I also work in R. Here is my code (which requires the tidyverse). It has the added benefit of avoiding having to create new columns. Capture

Replaces blank cells with missing values. Lookup_Table <- Lookup_Table %>% mutate_all(na_if,"")

Conditionally pads leading zeros (by state and county). Lookup_Table$FIPS <- ifelse(is.na(Lookup_Table$Admin2), formatC(as.numeric(Lookup_Table$FIPS),width=2,format='f',digits=0,flag='0'), formatC(as.numeric(Lookup_Table$FIPS),width=5,format='f',digits=0,flag='0'))

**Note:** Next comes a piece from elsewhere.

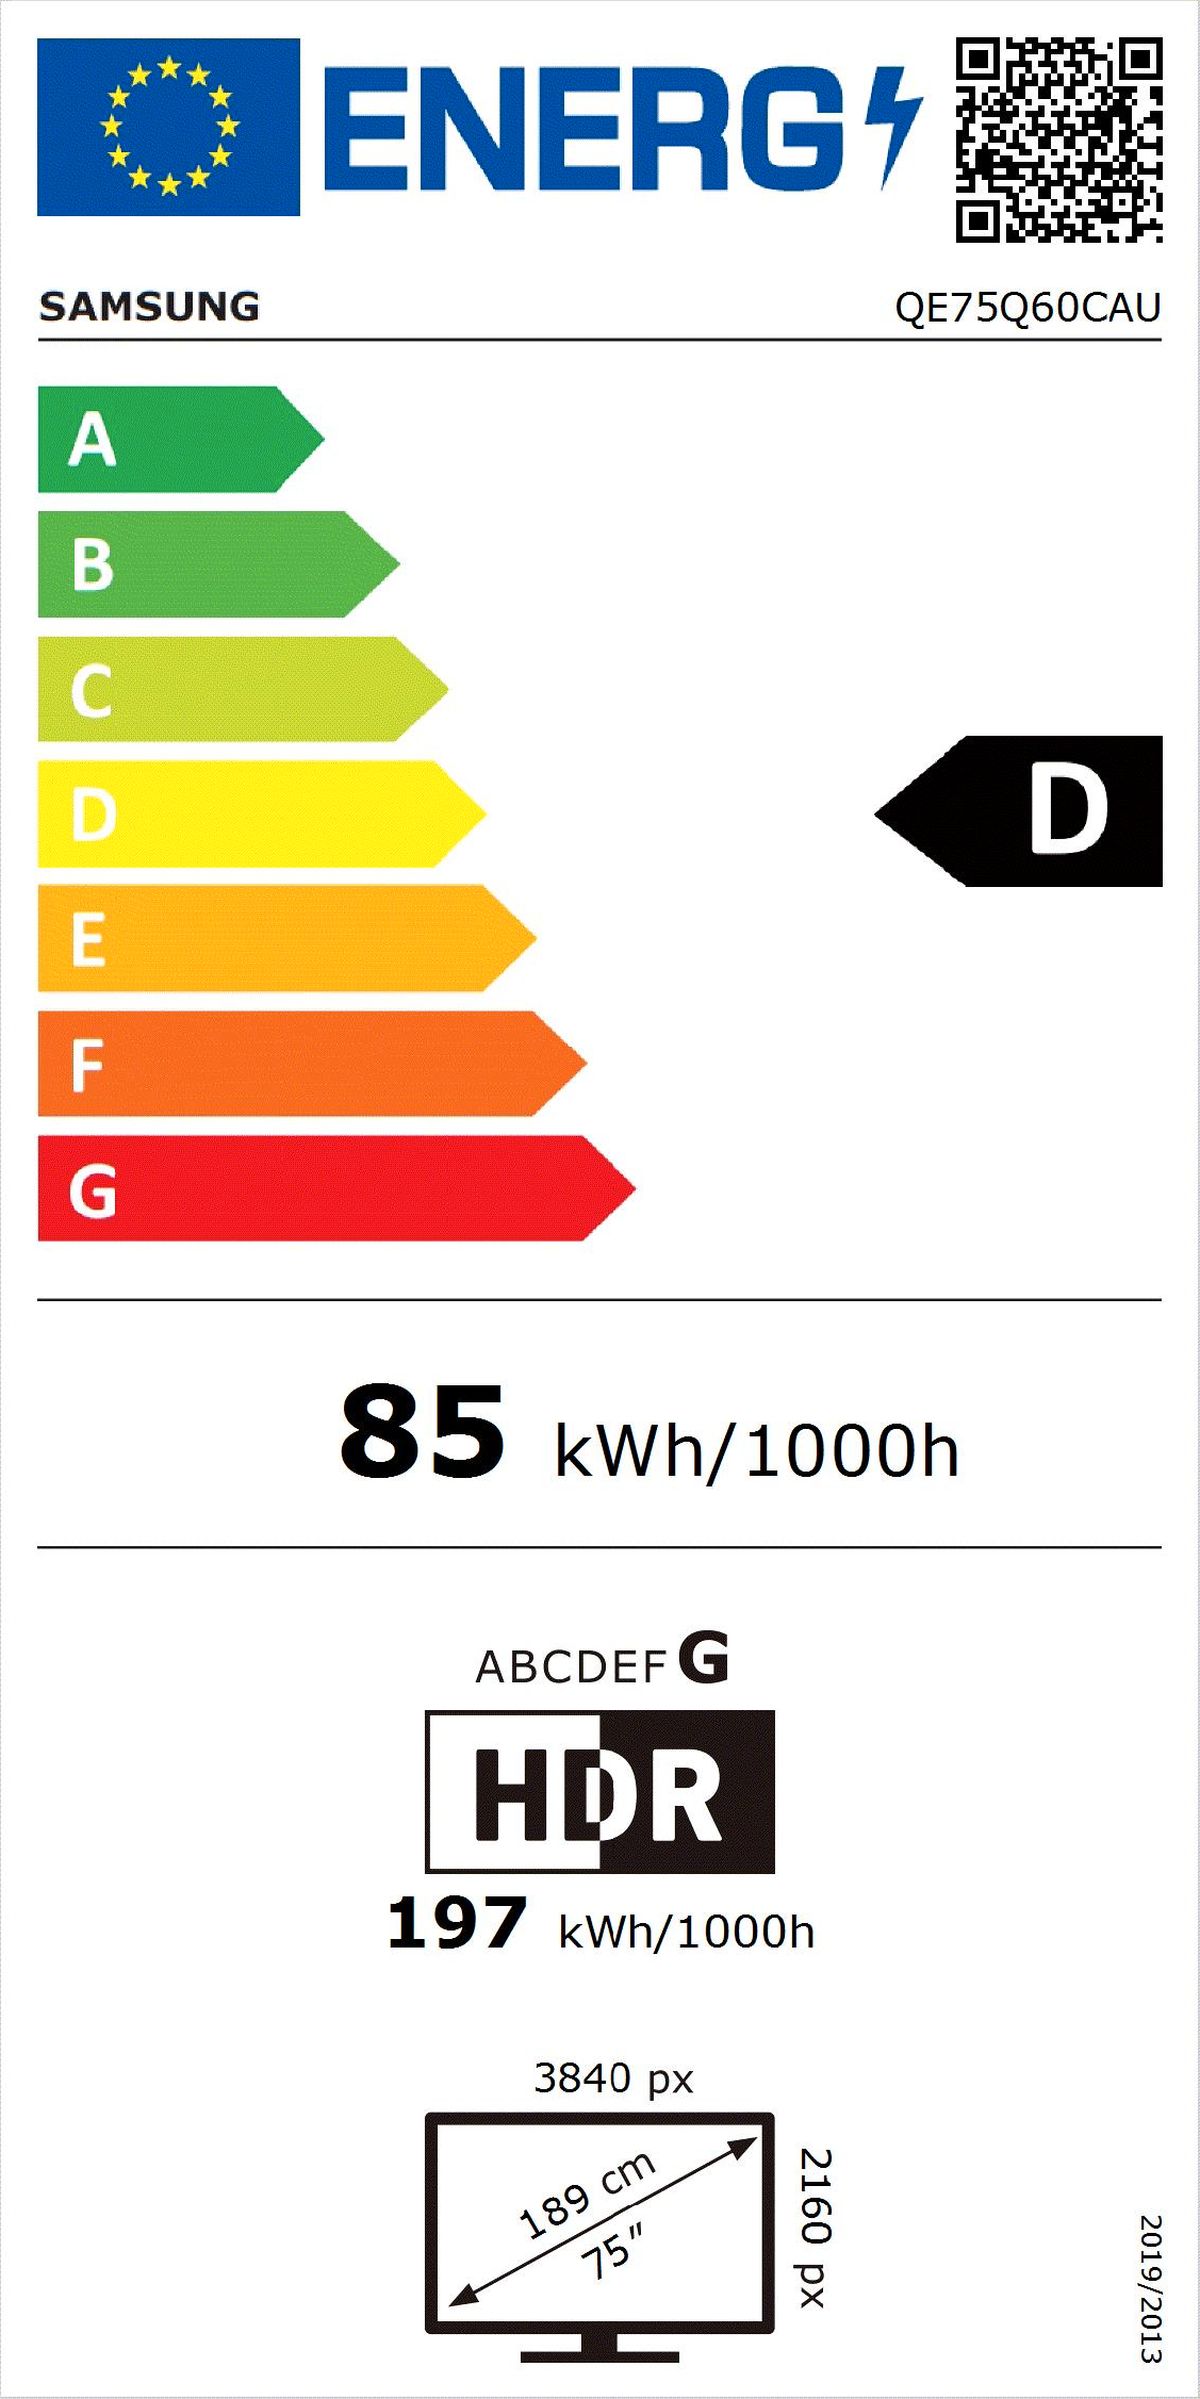 Energetski certifikat D

The only kink I can find is having to fix missing values. y$FIPS[y$FIPS == " NA" | y$FIPS == "NA"] <- NA

EDIT: You can find my cleaned Lookup Table HERE

Pinkmei commented 4 years ago

We newly uploaded a lookup table including UID, ISO alpha 2, ISO alpha 3, ISO 3-digit, FIPS, and location names used in our Dashboard and GitHub. The UID is a combination of ISO numeric code, FIPS, and some artificial numbers. This table will be updated along with more locations joining in. Thanks! Update 3/31: Add UID for US states and out of state entries. Adjust UID for unassigned locations in the US.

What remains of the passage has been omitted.